▶ **Aim of the task**: Output all of the data below without changing a word, and exclude the pictures.

== Exercise data

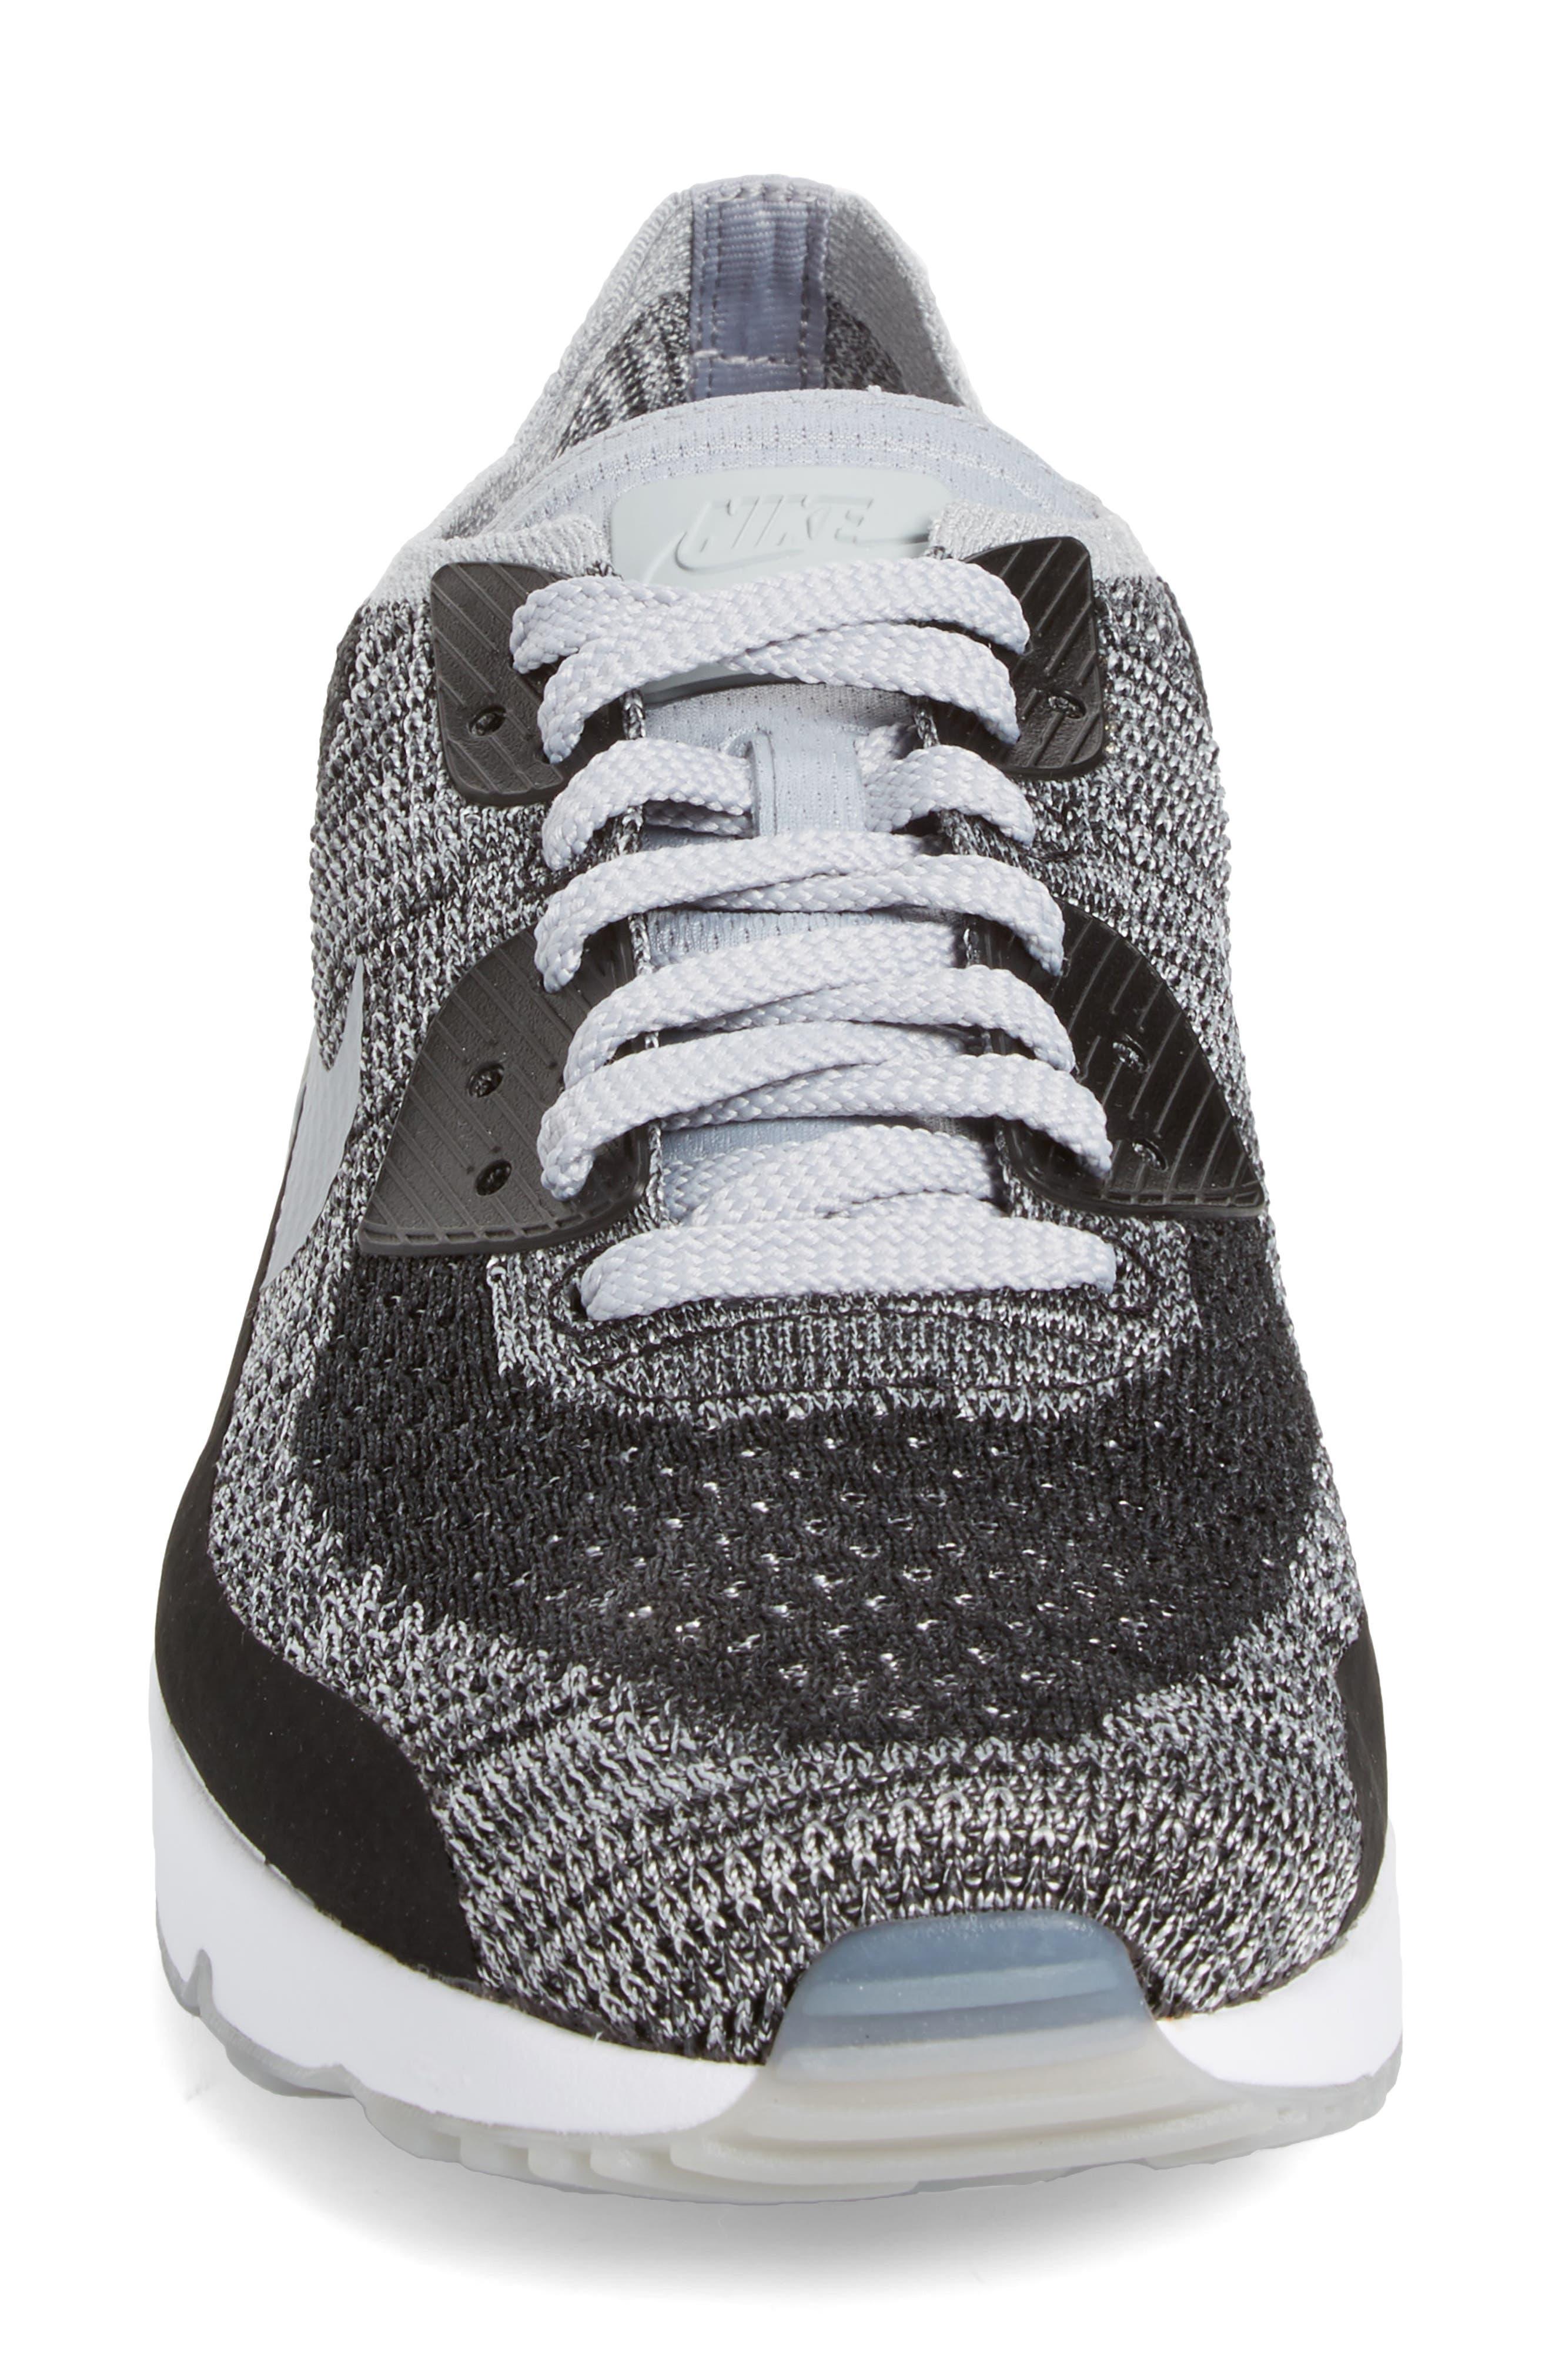 Air Max 90 Ultra 2.0 Flyknit Sneaker,                             Alternate thumbnail 4, color,                             005
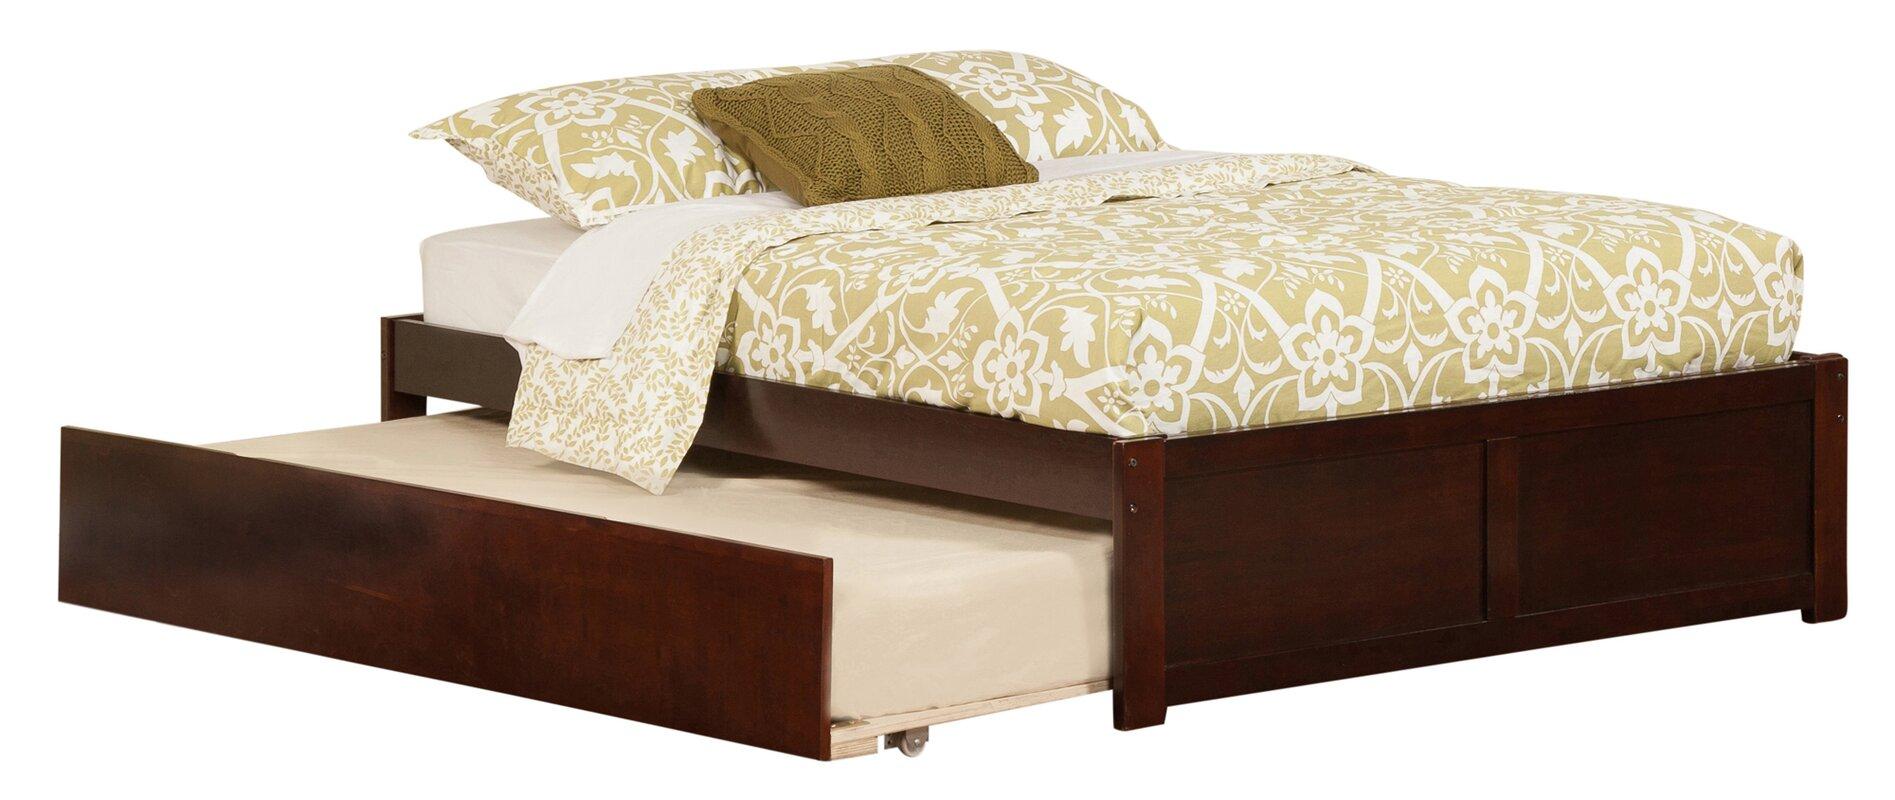 viv  rae greyson platform bed with trundle  reviews  wayfair - defaultname
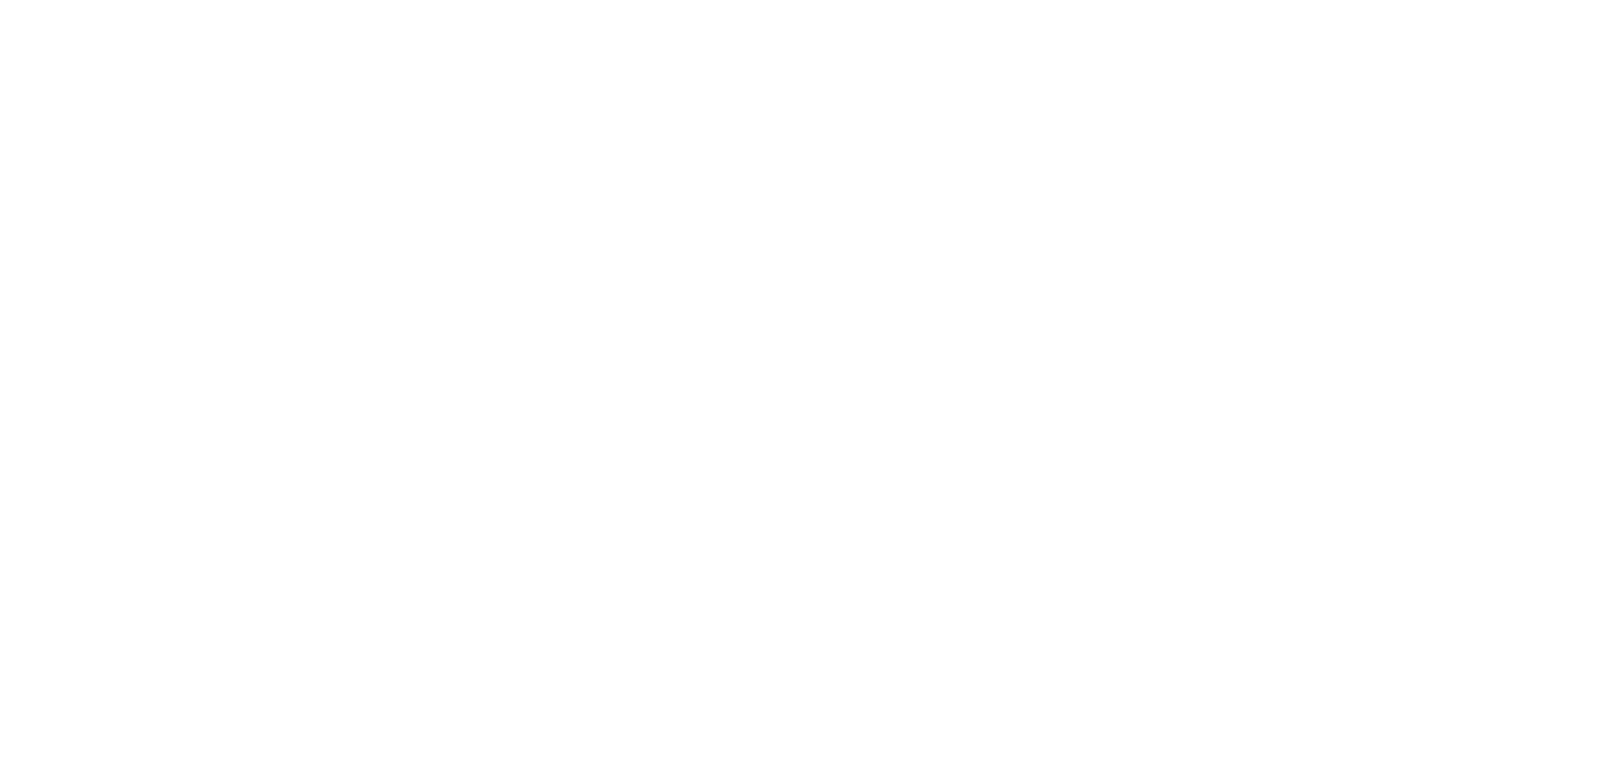 Mission Square Research Institute

====

▶ **Result of this task**:
 Air Max 90 Ultra 2.0 Flyknit Sneaker,                             Alternate thumbnail 4, color,                             005
 viv  rae greyson platform bed with trundle  reviews  wayfair - defaultname
 Mission Square Research Institute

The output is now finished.